### ASSIGNED TASK
Retype the listing exactly; omit pictures.

### COLLECTED DATA
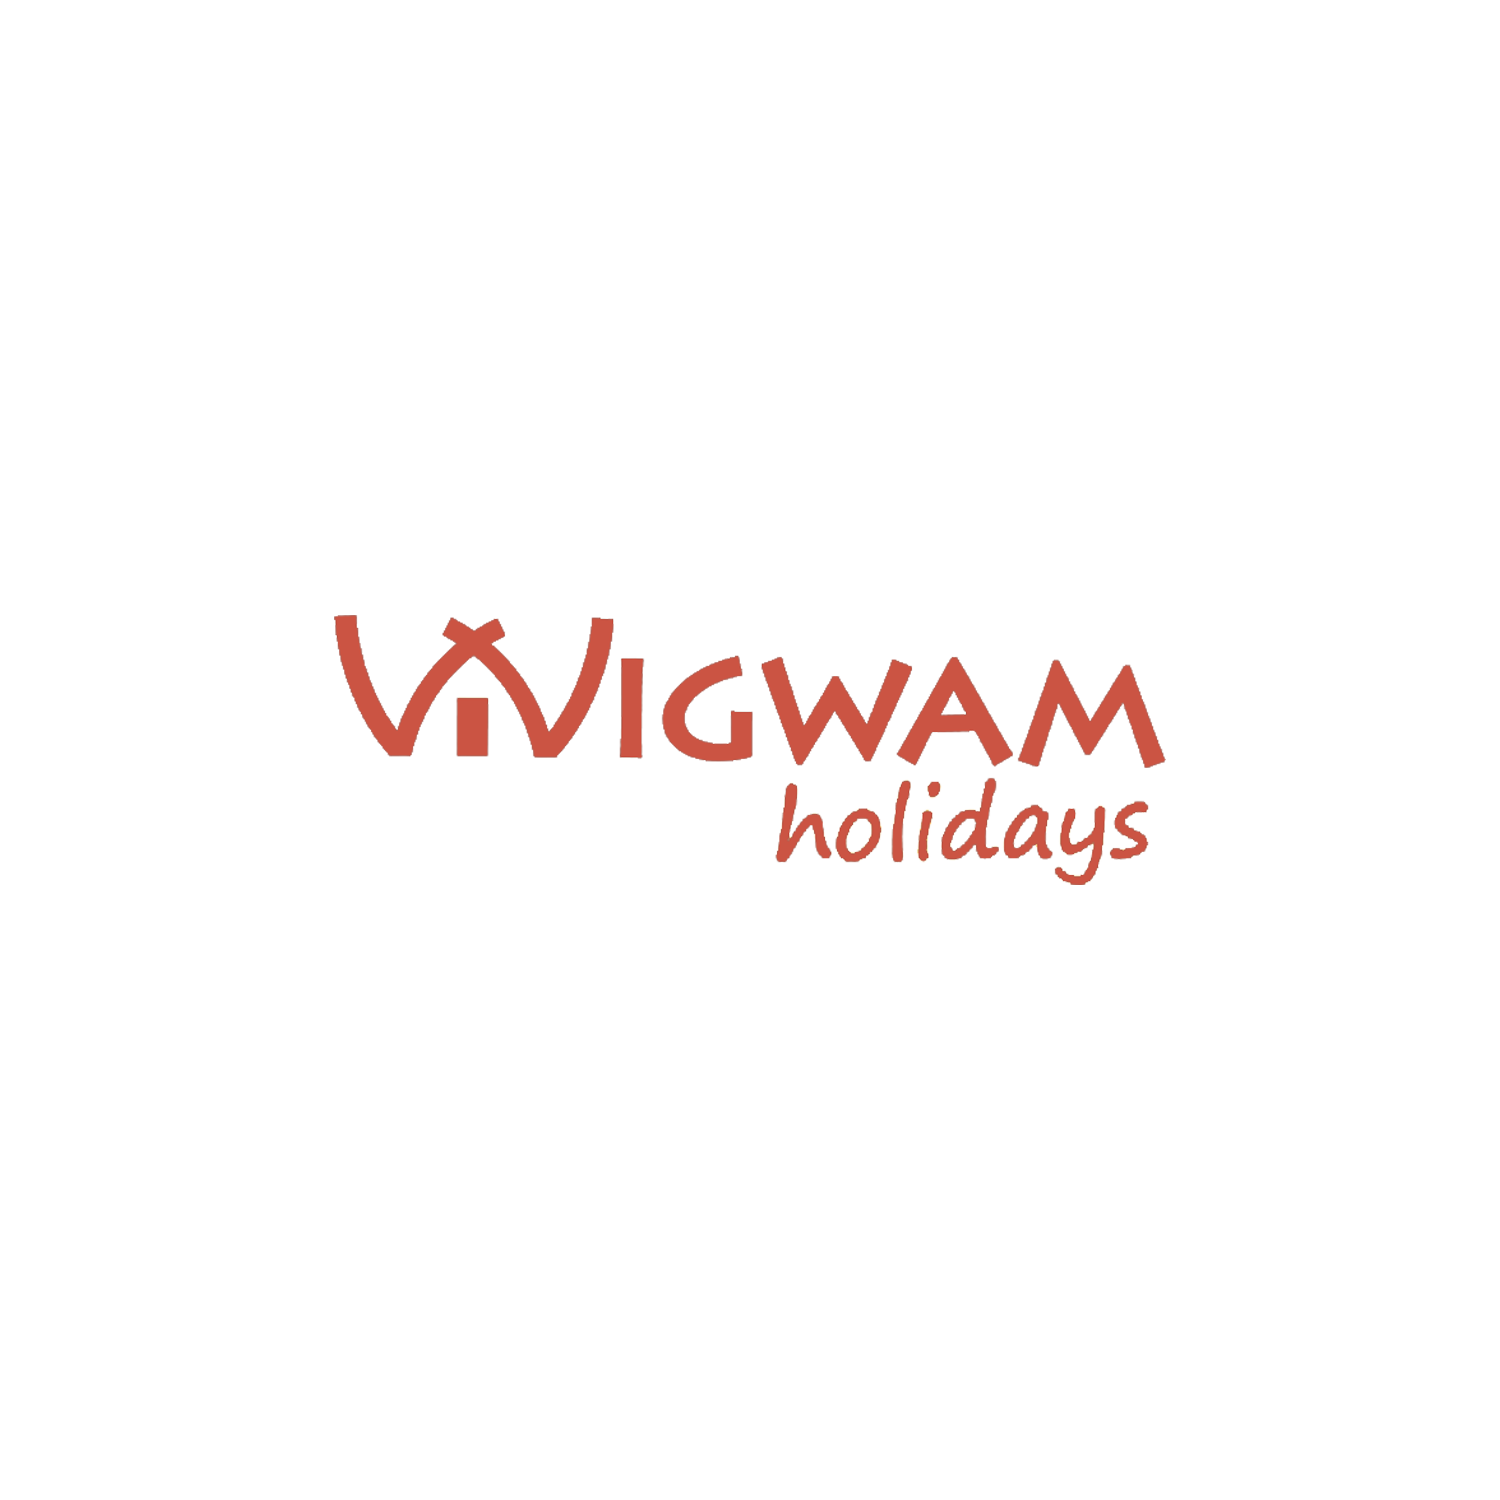 wigwam logo red
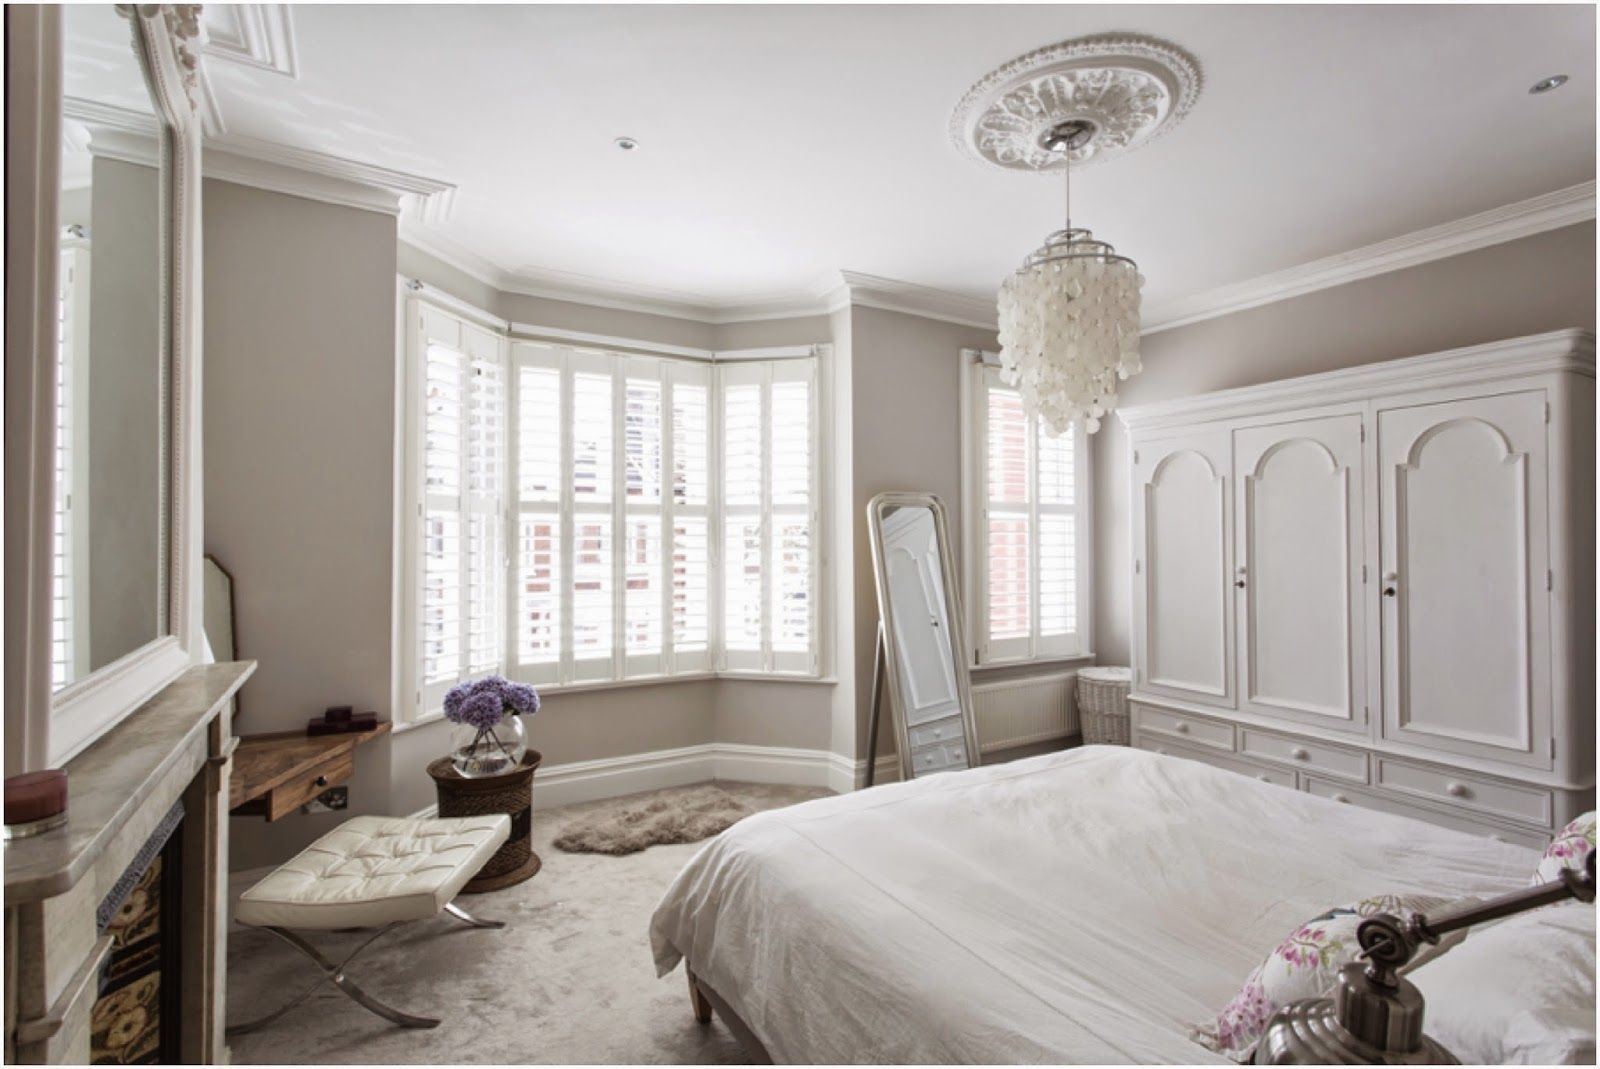 london wallpaper for bedrooms,bedroom,room,furniture,bed,white
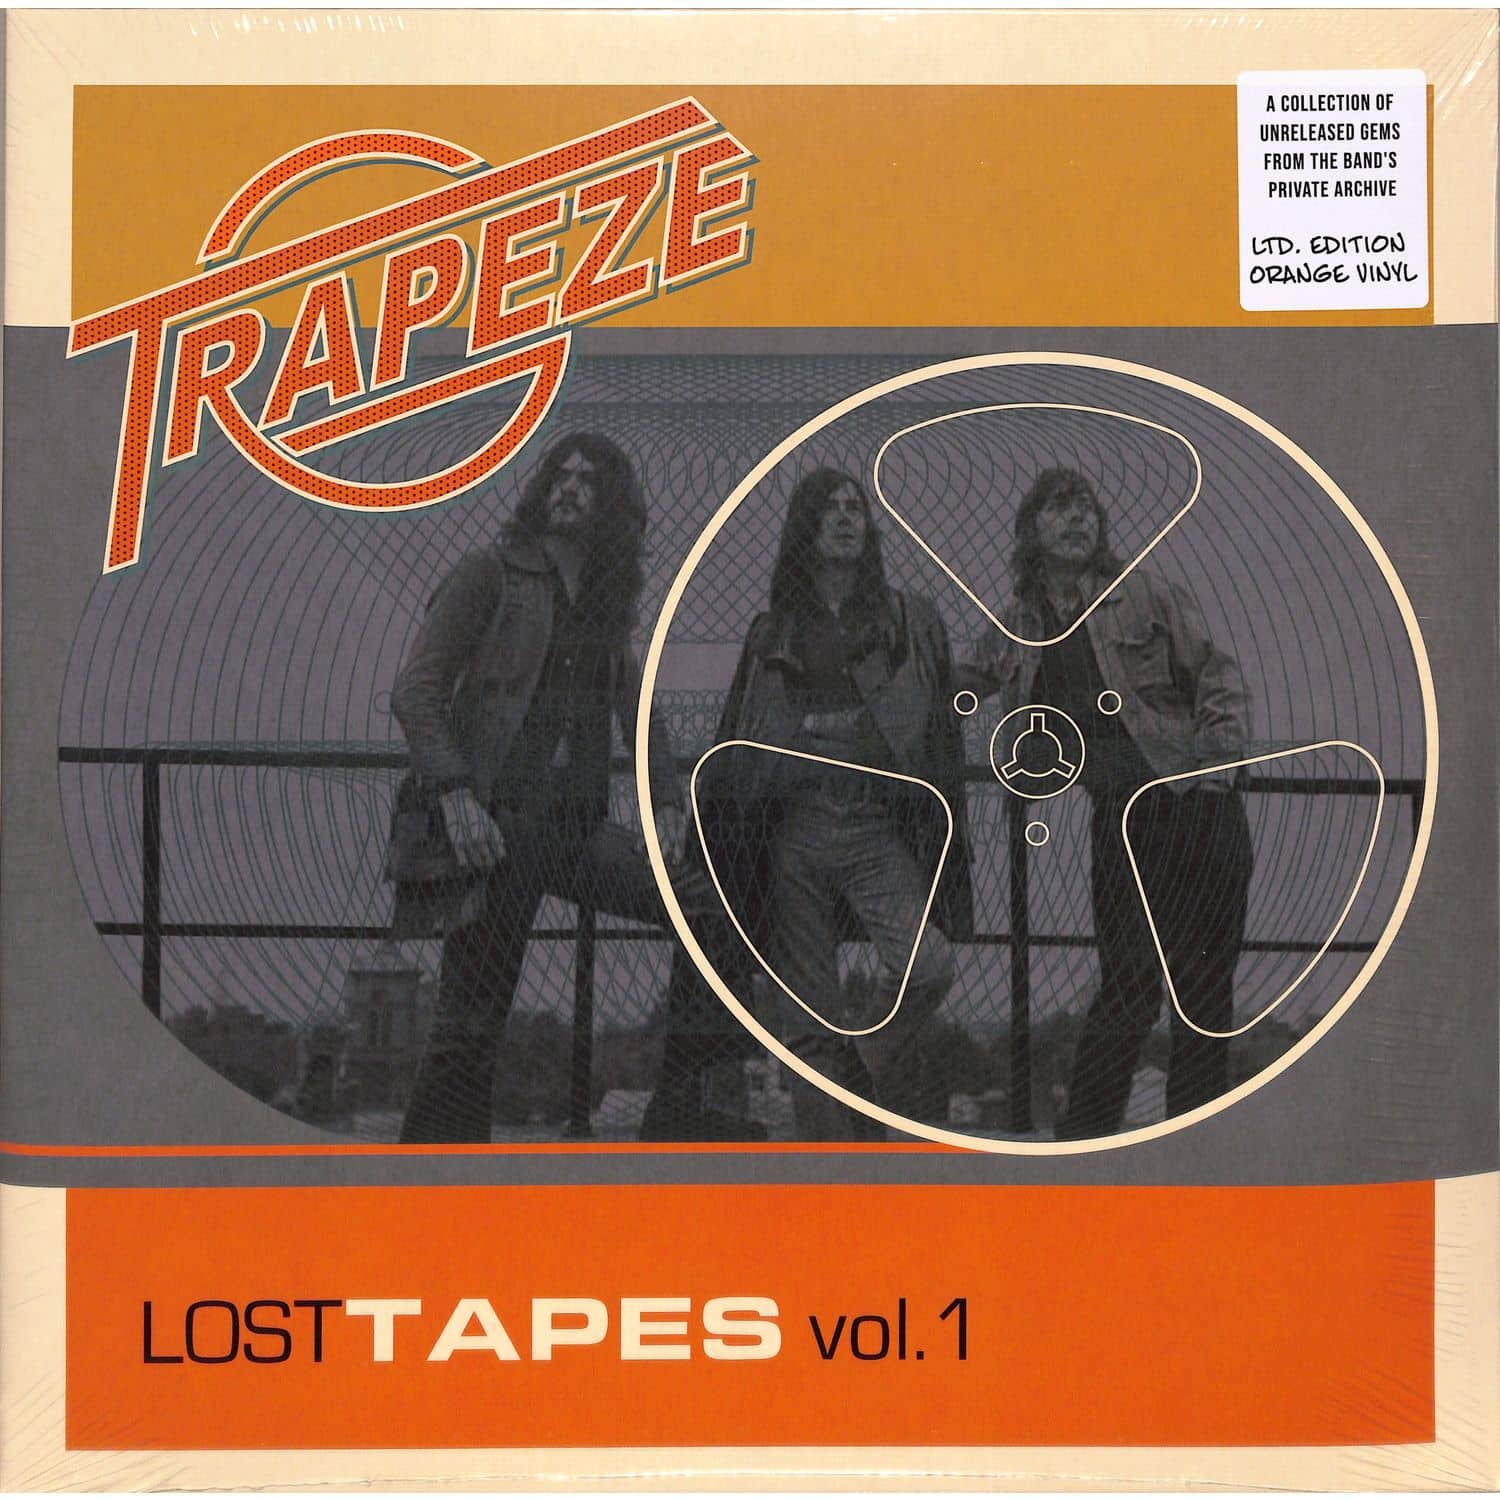 Trapeze - LOST TAPES VOL. 1 
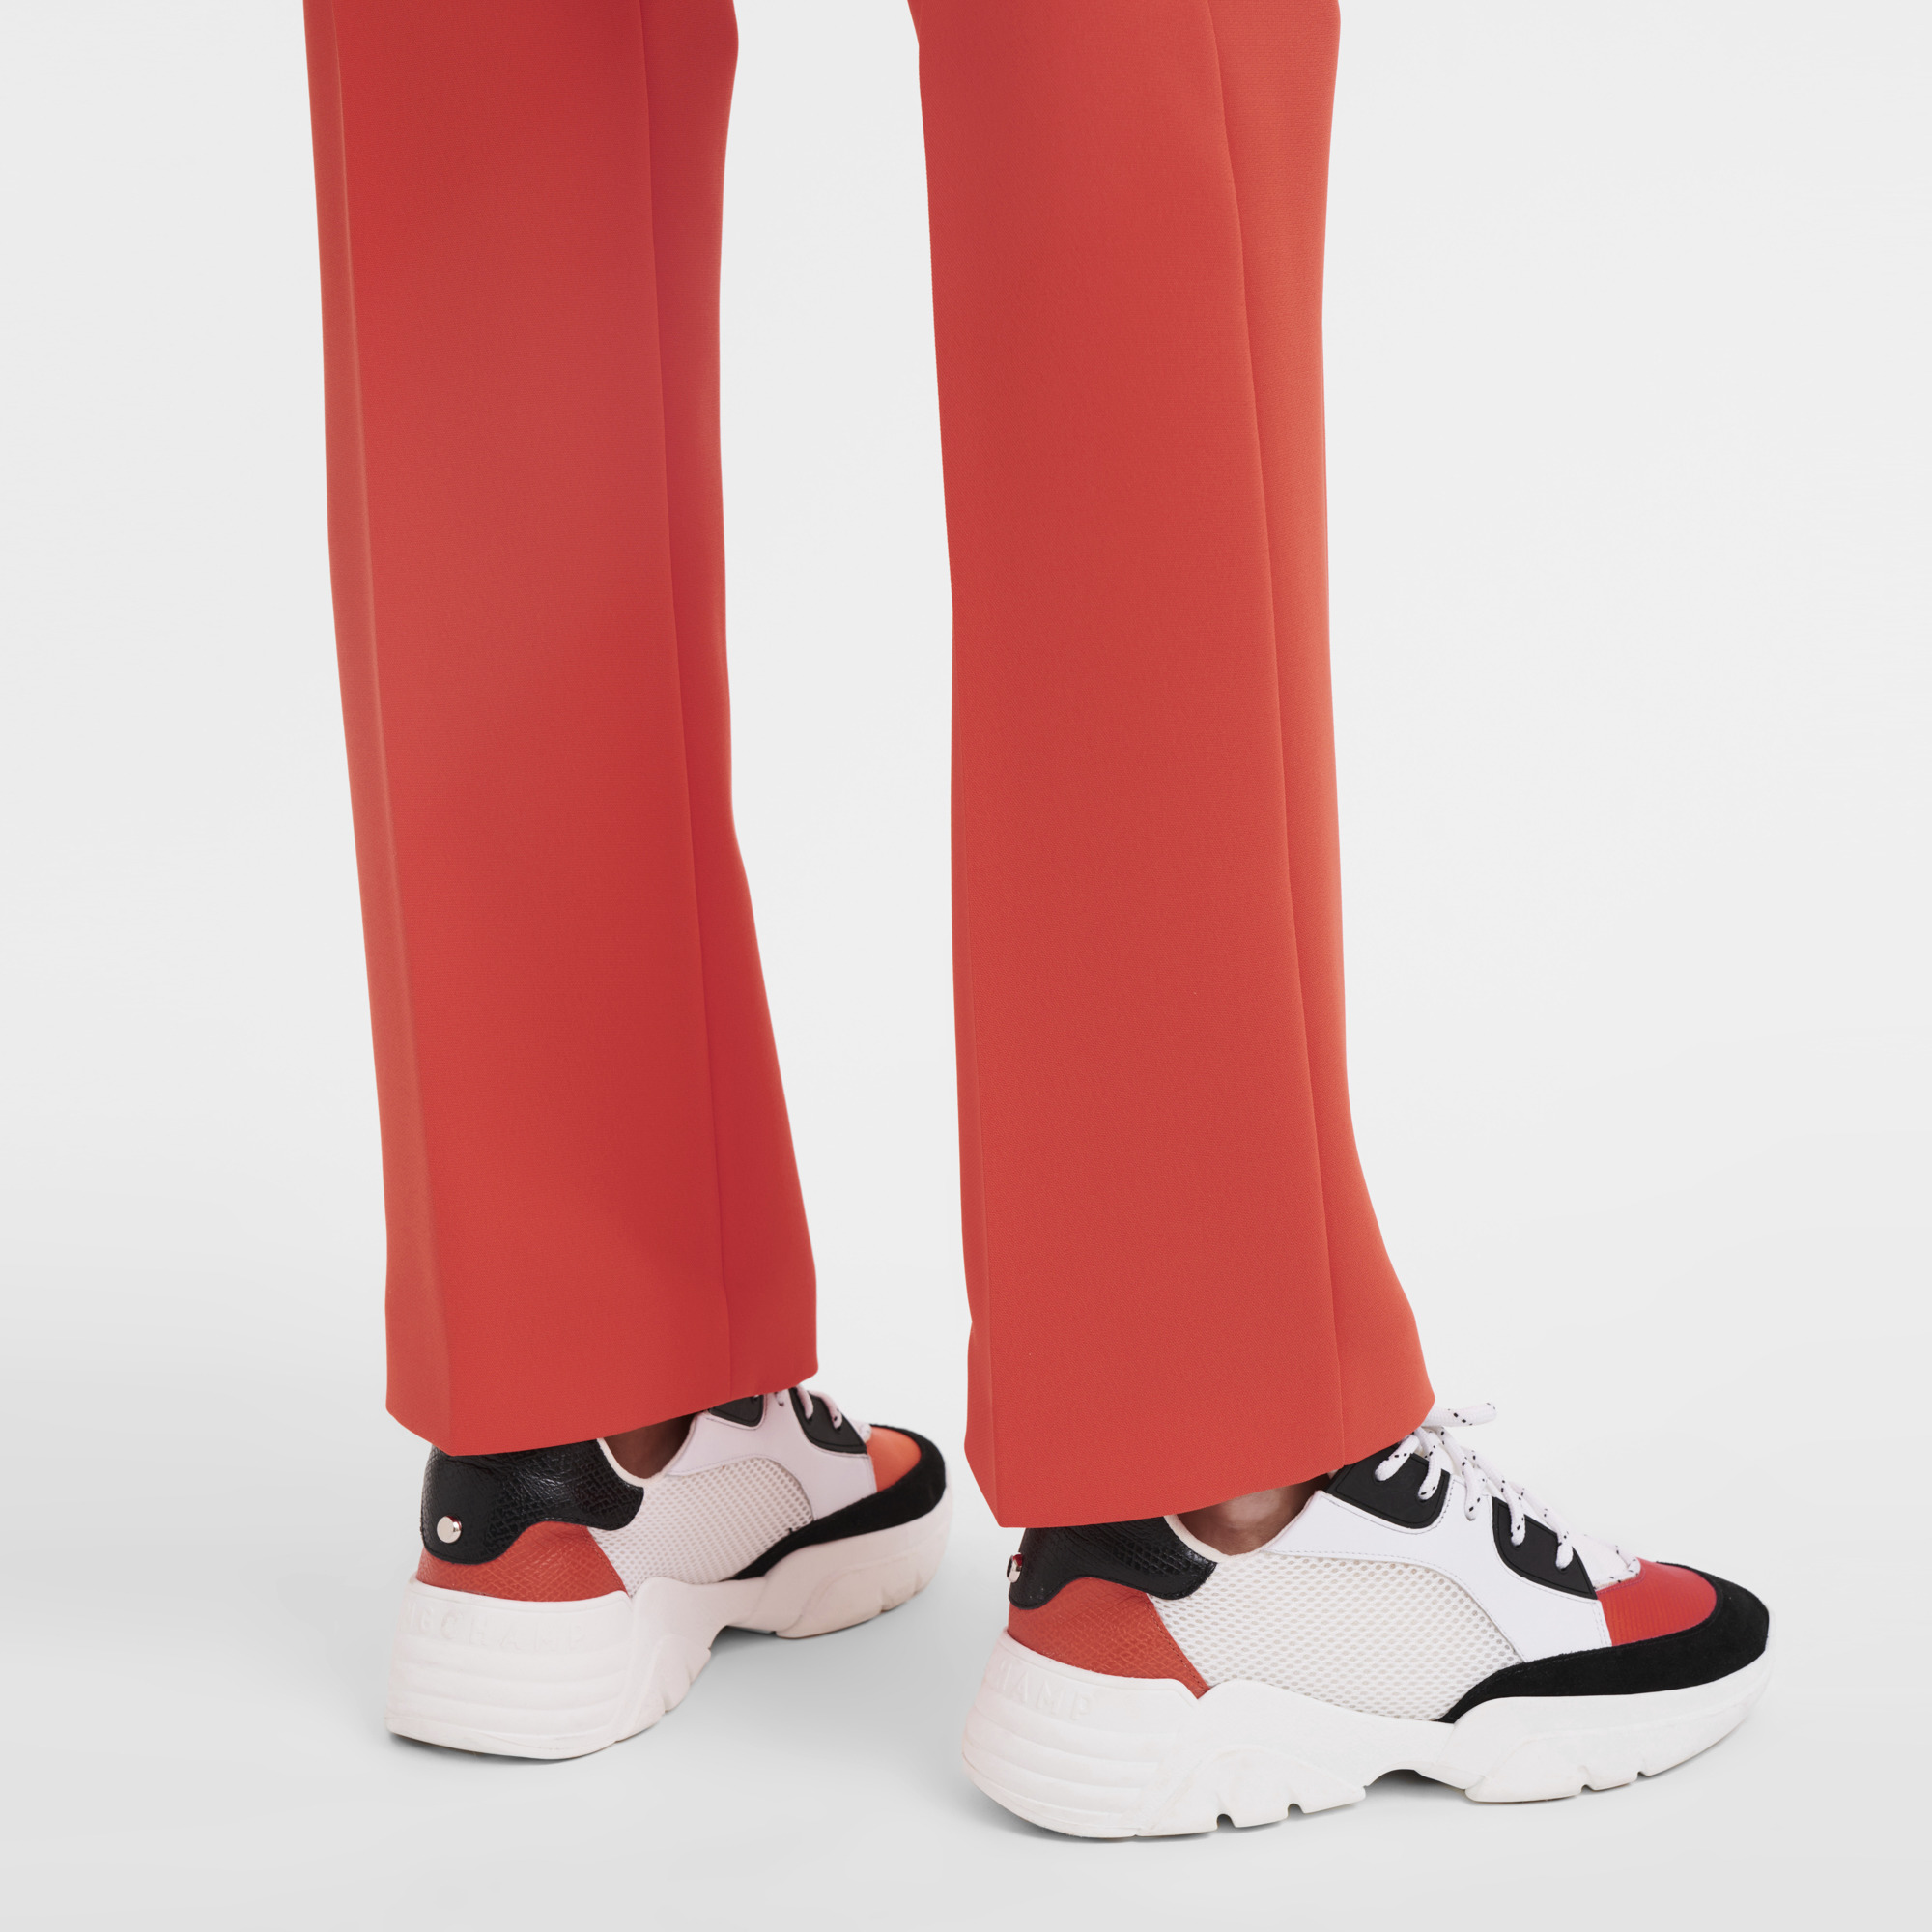 Freeminder Sneakers Poppy - Leather - 6

### OUTPUT
 wigwam logo red
 london wallpaper for bedrooms,bedroom,room,furniture,bed,white
 Trapeze - LOST TAPES VOL. 1 
 Freeminder Sneakers Poppy - Leather - 6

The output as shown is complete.